Rudy Giuliani’s bankruptcy filing, triggered by a substantial verdict against him for defaming two Georgia election workers, has revealed details about his financial situation.
A federal jury ordered Giuliani to pay $148 million to Ruby Freeman and Shaye Moss for baselessly accusing them of engaging in voter fraud after the 2020 election. This verdict led Giuliani to file for bankruptcy, citing the severe impact on his finances.
The bankruptcy proceeding has provided a glimpse into Giuliani’s financial state, revealing thousands of dollars in taxes and credit card debt.
Additionally, Giuliani could potentially owe millions more to voting technology companies Dominion Voting Systems and Smartmatic if he is found to have defamed them as well.

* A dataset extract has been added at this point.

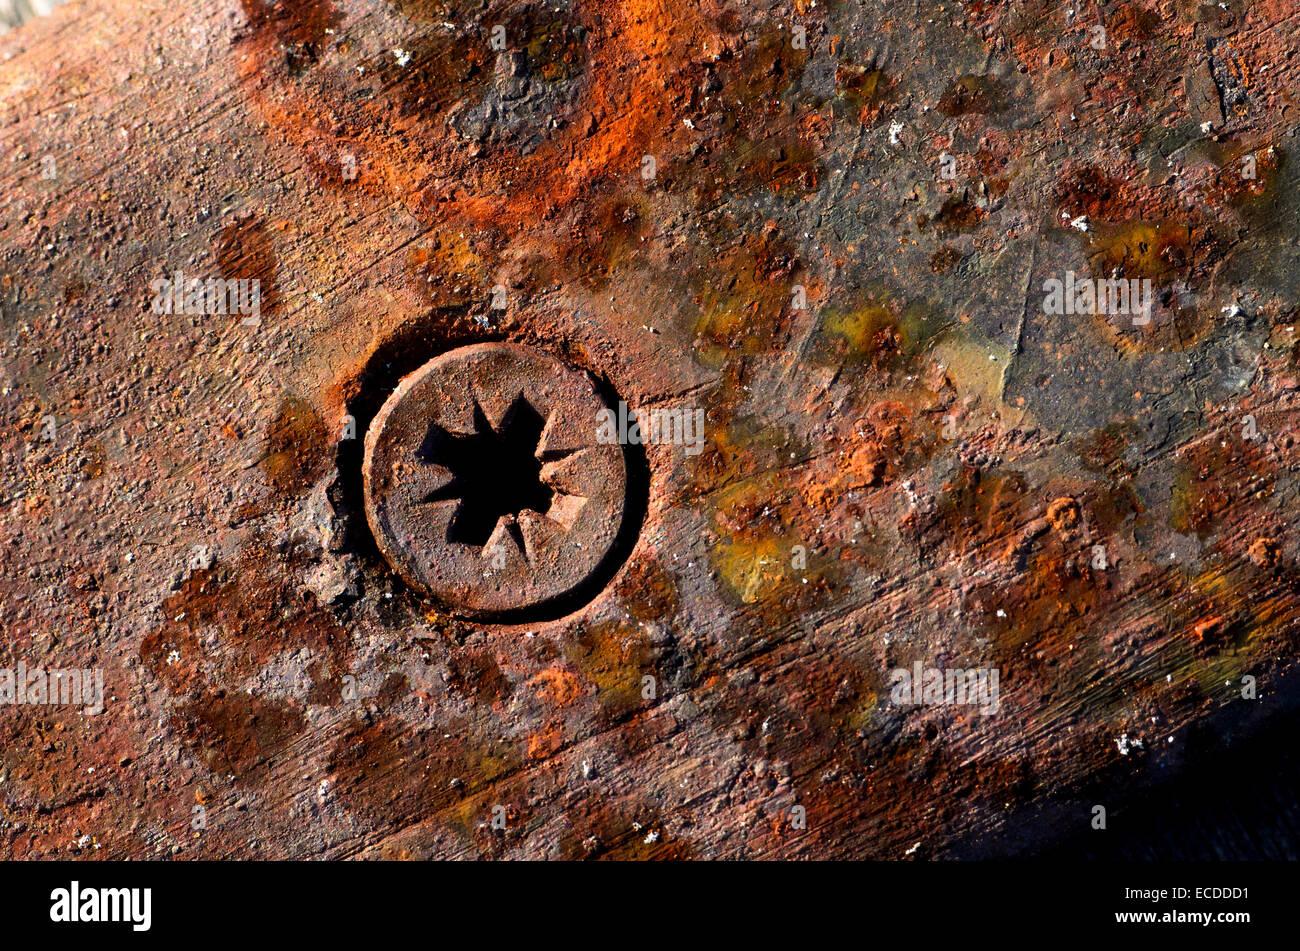 Metal plate bolt stockfotos metal plate bolt bilder alamy for Blumenkubel rostigem metall

Despite the bankruptcy filing, Giuliani has been granted permission by his bankruptcy judge to appeal the defamation verdict.
This allows him to challenge the ruling while the bankruptcy process unfolds, offering him a legal avenue to address the financial burden imposed by the defamation case.
Giuliani’s financial woes, as highlighted by his bankruptcy filing, underscore the potential consequences of his actions following the 2020 election.
The defamation verdict and its aftermath serve as a cautionary tale for public figures regarding the legal and financial risks of making baseless accusations.